_Dataset section:_
=== Section Start ===
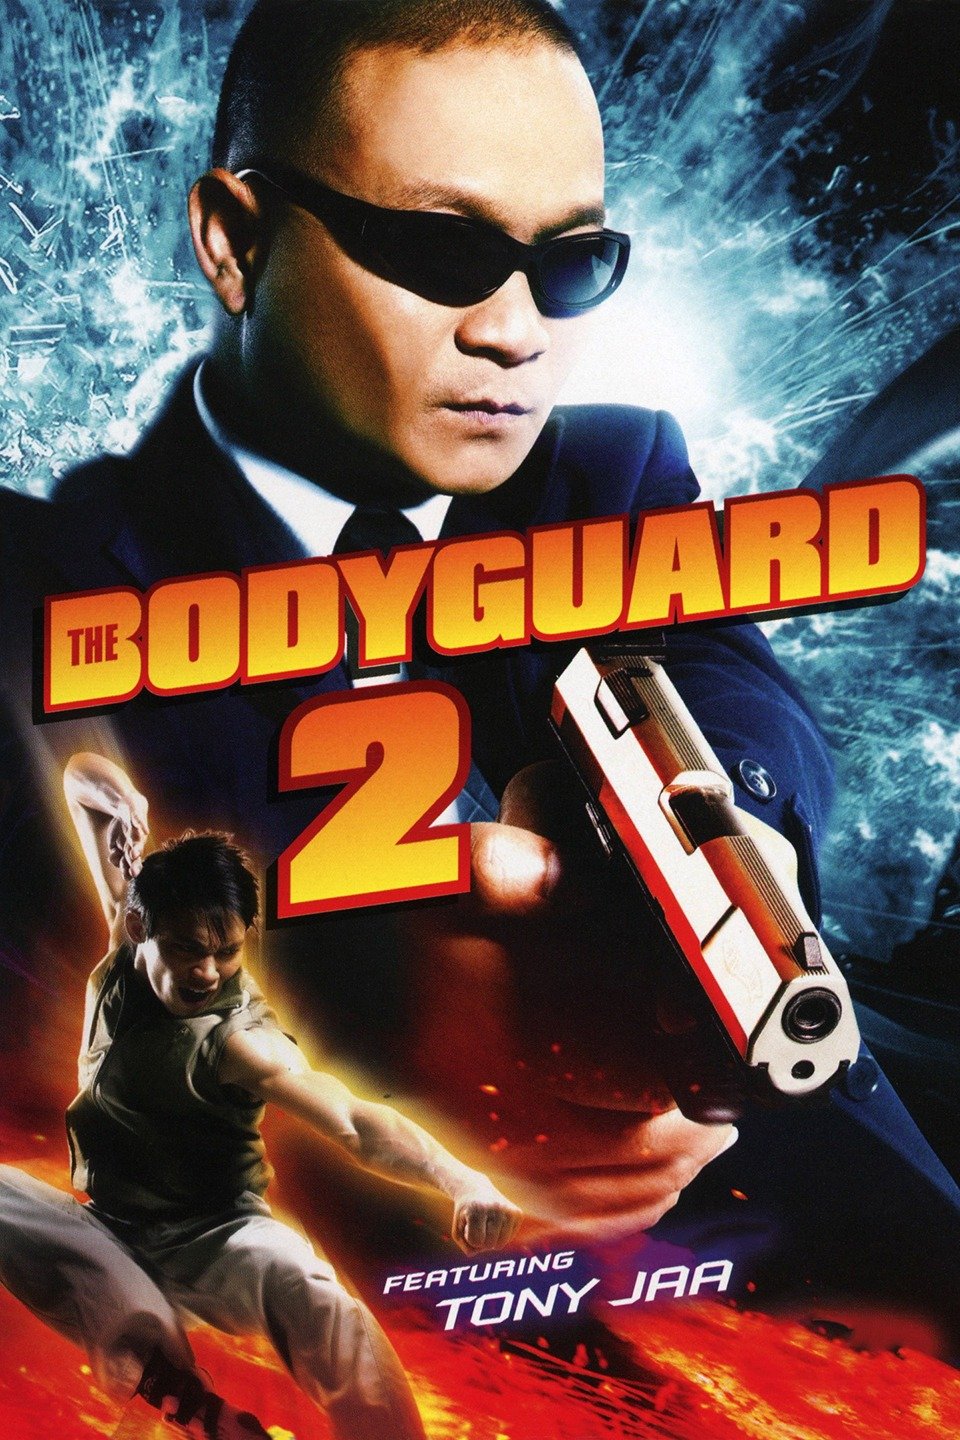 [MINI Super-HQ] The Bodyguard 2 (2007) บอดี้การ์ดหน้าเหลี่ยม ภาค 2 [1080p] [พากย์ไทย 5.1] [บรรยายอังกฤษ] [เสียงไทย + ซับอังกฤษ]
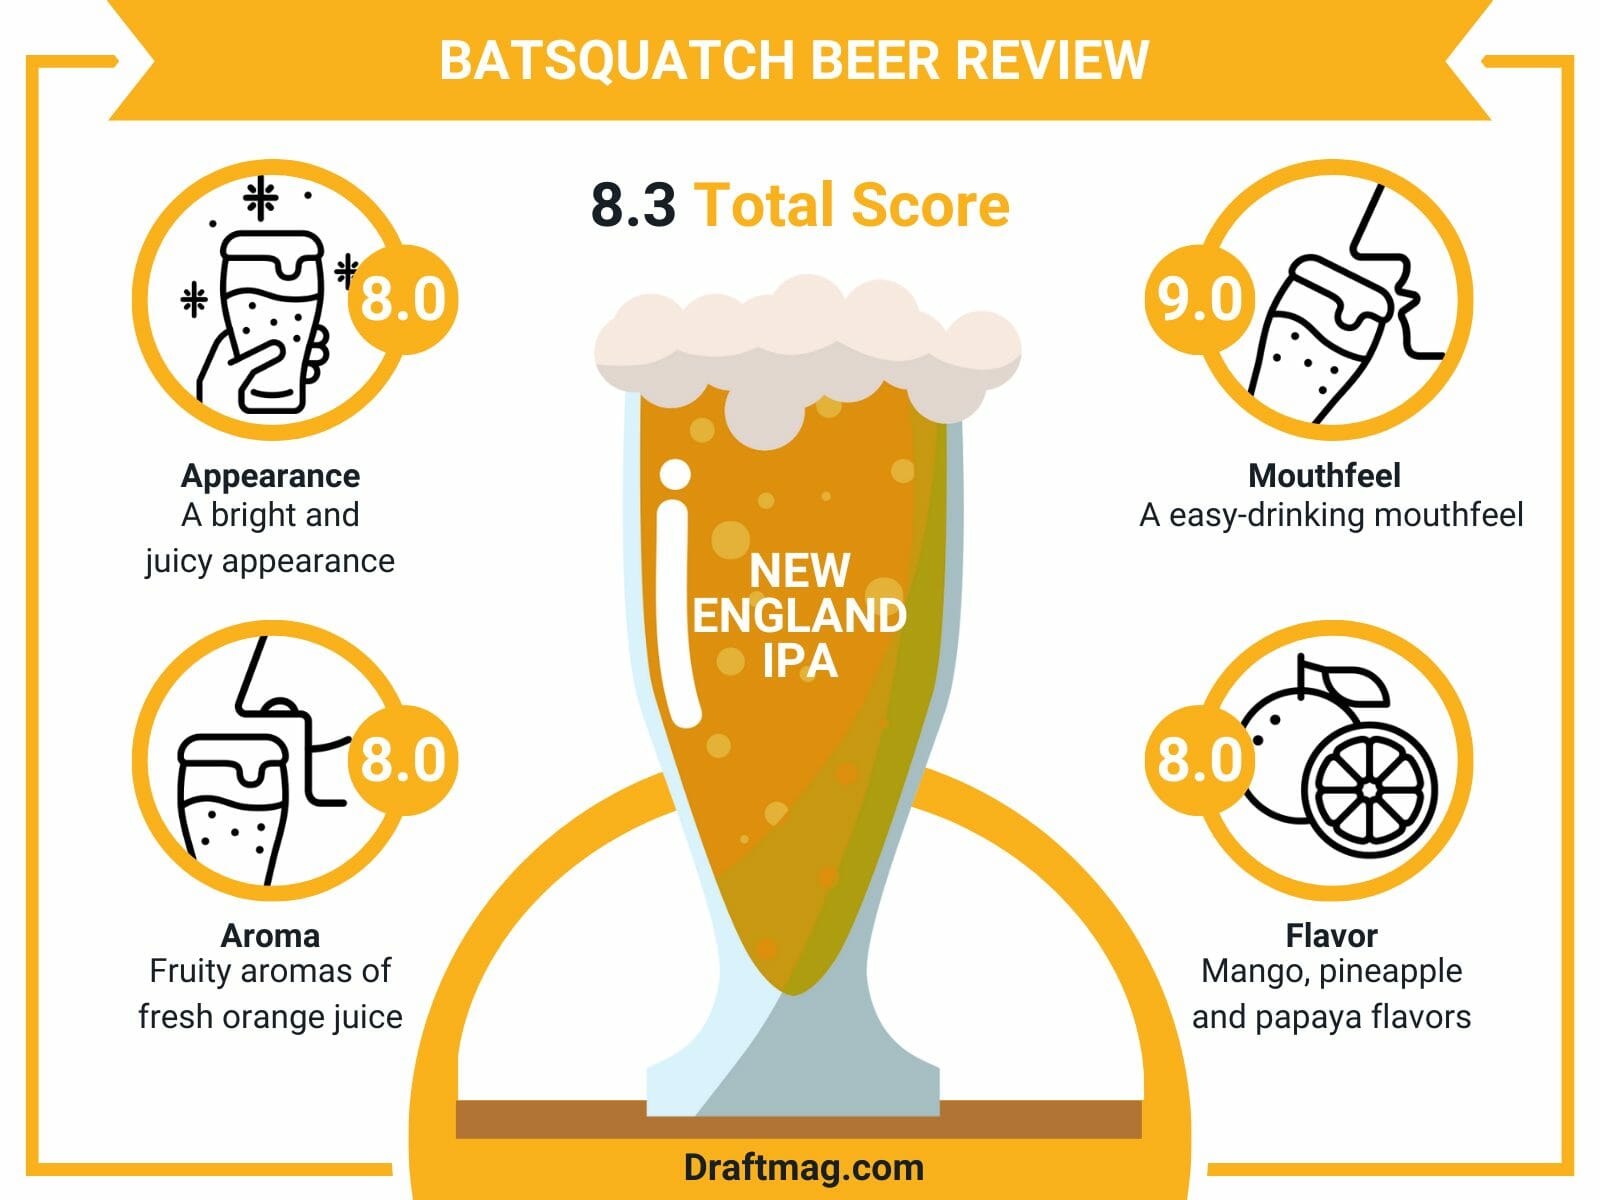 Batsquatch beer review infographic
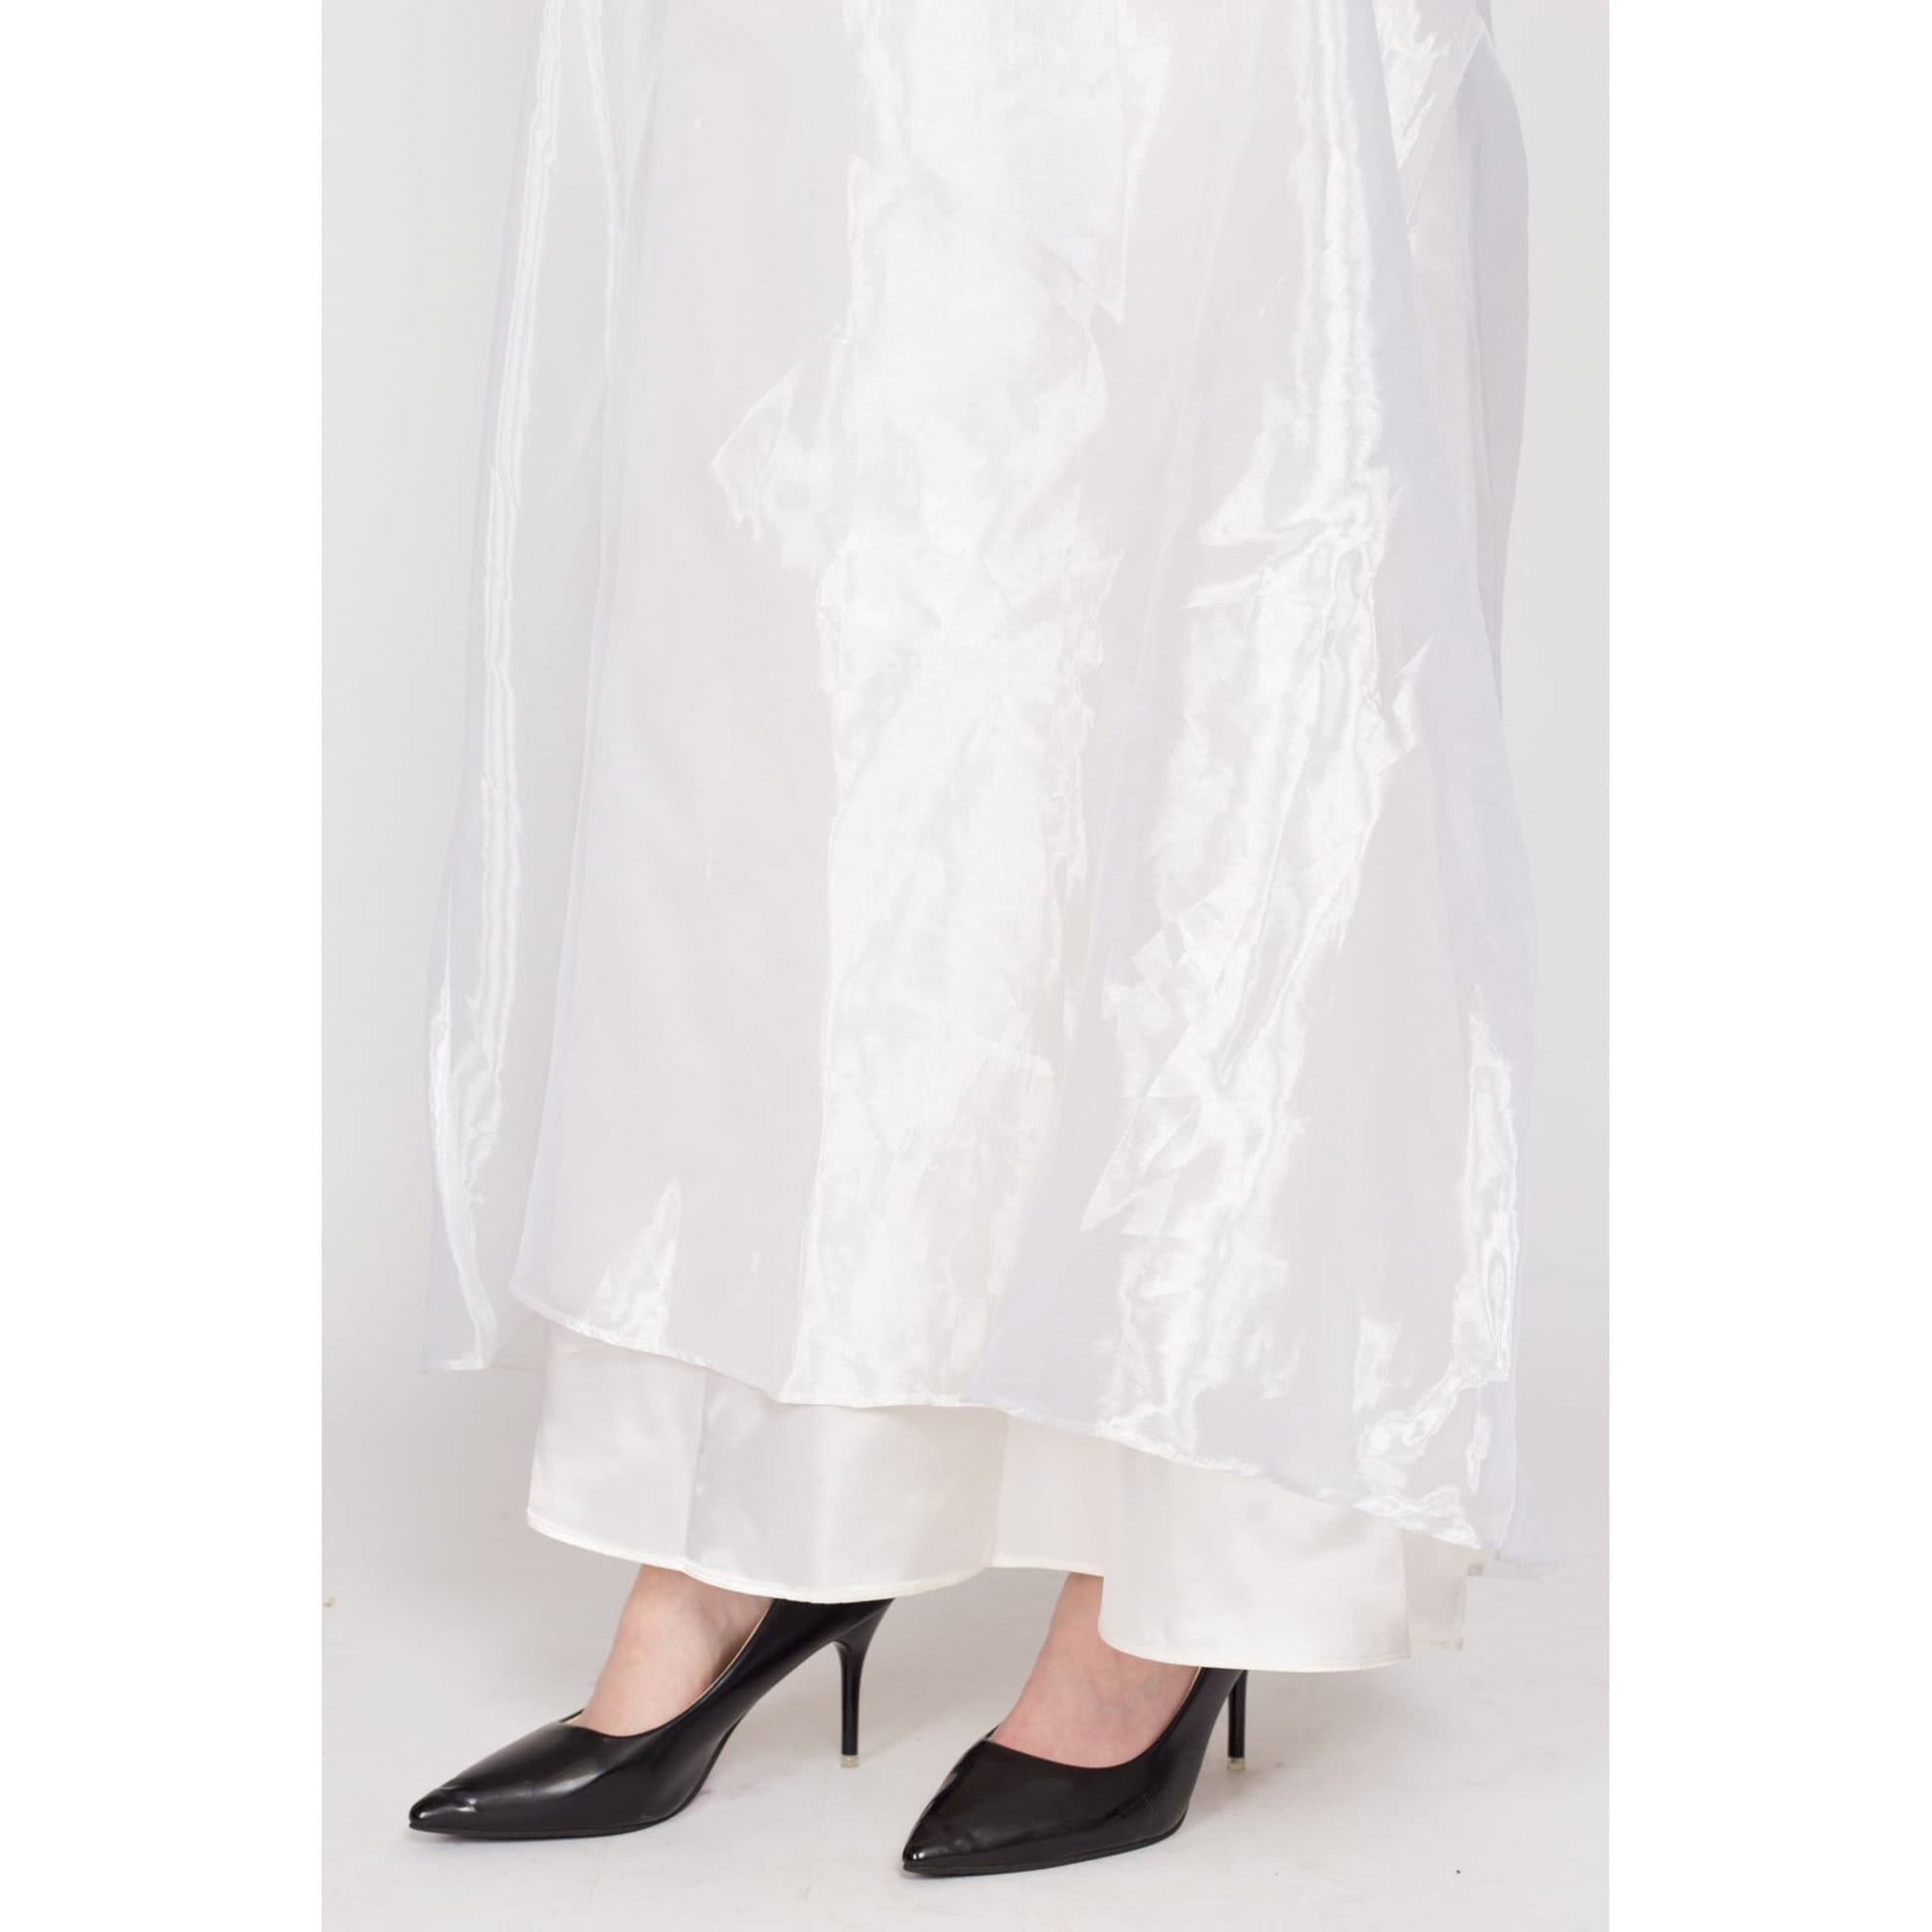 Small 80s White Organza Bridal Maxi Skirt 26.5" | Vintage High Waisted Floor Length Formal Wedding Skirt
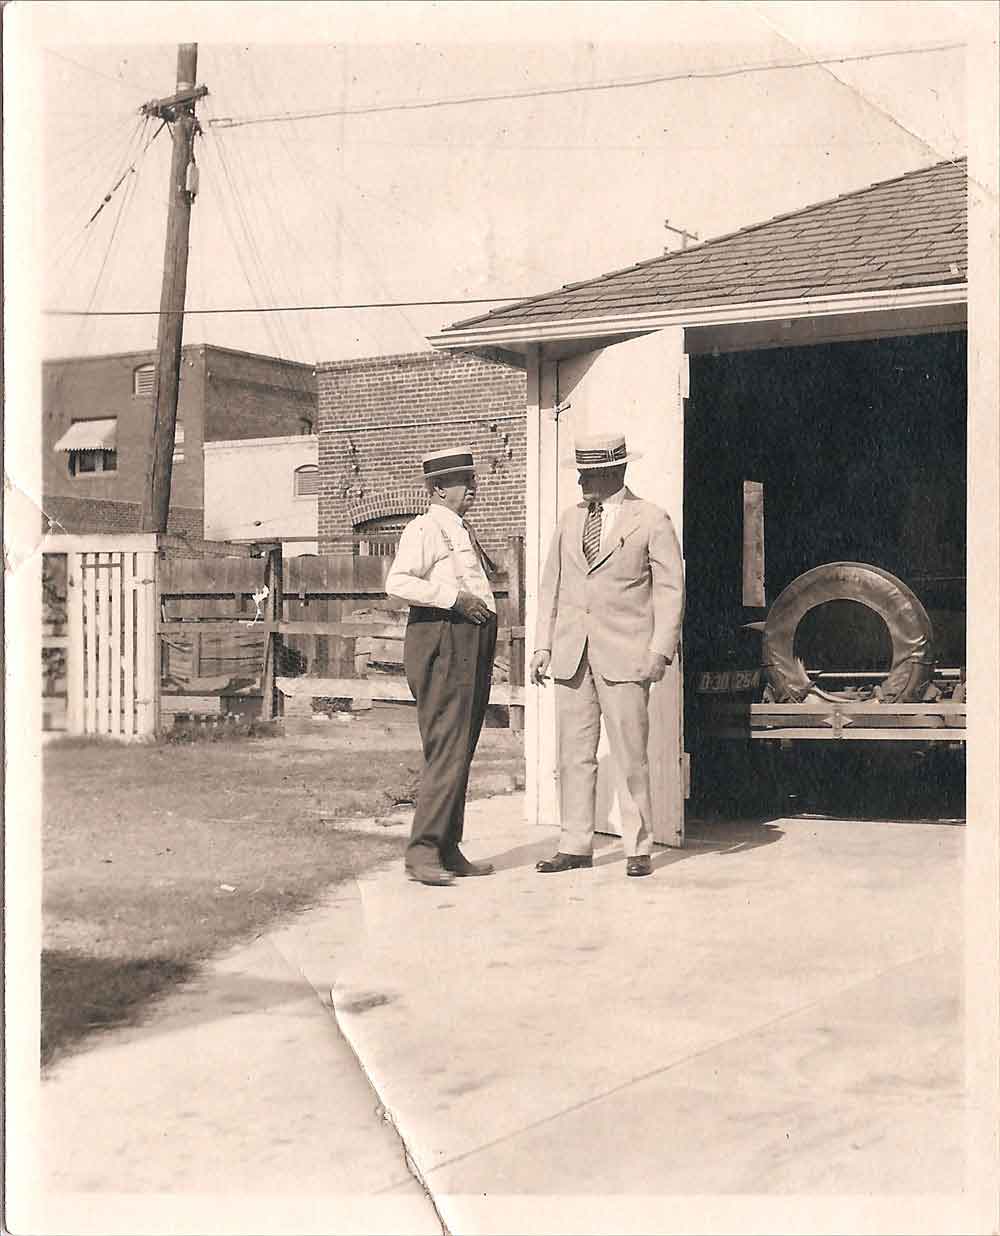 (HTC.2010.8.12) - Two Men Converse near a Garage, c. 1920s
=== Section End ===
Starting at the line that contains "Small 80s White", extract each line through the last line of the material exactly as written, and include no pictures.

_Exercise result:_
 Small 80s White Organza Bridal Maxi Skirt 26.5" | Vintage High Waisted Floor Length Formal Wedding Skirt
 (HTC.2010.8.12) - Two Men Converse near a Garage, c. 1920s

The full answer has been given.